Fix non deterministic keyCoder in a GroupByKey error


I want to perform a CoGroupByKey operation between two PCollections by a pair of key-values: id1 and id2 . I defined a custom class which includes both keys. I read that I also need to define a Coder to specify the byte conversion, so I did.

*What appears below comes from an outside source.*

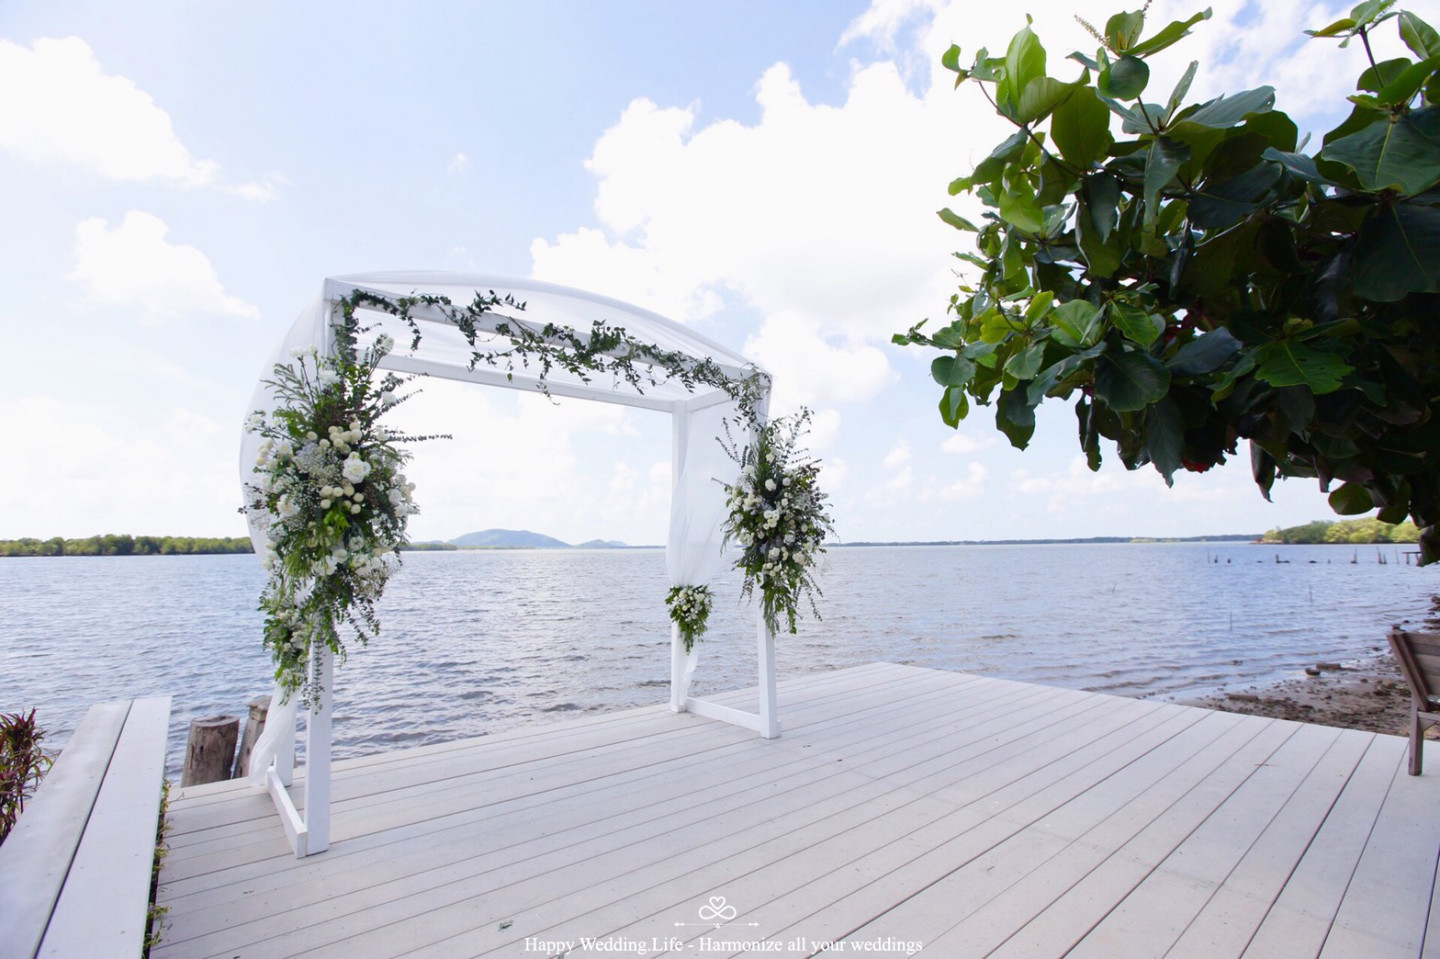 งานแต่งงานธีมสีขาวสุดเรียบง่าย - Harmonize Wedding planner bangkok

However, I keep getting this error:

java.lang.IllegalStateException: the keyCoder of a GroupByKey must be deterministic

Am I missing something? Non deterministic means that the keyCoder cannot always guarantee that id1 will come before id2 . Doesn't my Coder already includes the order of the keys?

Thanks for your time!

public static PCollection<output> joinById1Id2(PCollection<Foo1> foo1, PCollection<Foo2> foo2){

        PCollection<KV<KeysId1Id2, Foo1>> Foo1WithKeys = Foo1.apply(WithKeys.of(new MapFoo1ByKeysId1Id2()))
             .setCoder(KvCoder.of(KeysId1Id2Coder.of(), SerializableCoder.of(Foo1.class)));

        PCollection<KV<KeysId1Id2, Foo2>> Foo1WithKeys = Foo2.apply(WithKeys.of(new MapFoo2ByKeysId1Id2()))
             .setCoder(KvCoder.of(KeysId1Id2Coder.of(), SerializableCoder.of(Foo2.class)));

        TupleTag<Foo1> foo1TupleTag = new TupleTag();
        TupleTag<Foo2> foo2TupleTag = new TupleTag();

        return KeyedPCollectionTuple
                .of(foo1TupleTag, Foo1WithKeys)
                .and(foo2TupleTag, Foo2WithKeys)
                .apply(CoGroupByKey.create())
                .apply(ParDo.of(new JoinFoo1AndFoo2(Foo1TupleTag, Foo2TupleTag)));
    }
import lombok.AllArgsConstructor;
import lombok.Data;
import lombok.NoArgsConstructor;
import lombok.experimental.SuperBuilder;

@Data
@SuperBuilder(toBuilder = true)
@NoArgsConstructor
@AllArgsConstructor
public class KeysId1Id2{
    String id1;
    String id2;
}
public class KeysId1Id2Coder extends CustomCoder<KeysId1Id2> {
    private static final StringUtf8Coder STRING_CODER = StringUtf8Coder.of();

    public static KeysId1Id2Coder.of() {
        return new KeysId1Id2Coder();
    }

    @Override
    public void encode(KeysId1Id2 value, OutputStream outStream) throws IOException {
        STRING_CODER.encode(value.getId1(), outStream);
        STRING_CODER.encode(value.getId2(), outStream);
    }

    @Override
    public KeysId1Id2 decode(InputStream inStream) throws IOException {
        String id1 = STRING_CODER.decode(inStream);
        String id2 = STRING_CODER.decode(inStream);
        return new KeysId1Id2(id1, id2);
    }
}
public class MapFoo1ByKeysId1Id2 extends SimpleFunction<Foo1, KeysId1Id2> {
    @Override
    public MapFoo1ByKeysId1Id2 apply(Foo1 line) {

        return new KeysId1Id2(line.getId1(), line.getId2());
    }
}

public class MapFoo2ByKeysId1Id2 extends SimpleFunction<Foo2, KeysId1Id2> {
    @Override
    public MapFoo2ByKeysId1Id2 apply(Foo2 line) {

        return new KeysId1Id2(line.getId1(), line.getId2());
    }
}

Solution

  • Good question.

    A deterministic coder means that if two values are equal according to Java then they both will encode to the same bytes.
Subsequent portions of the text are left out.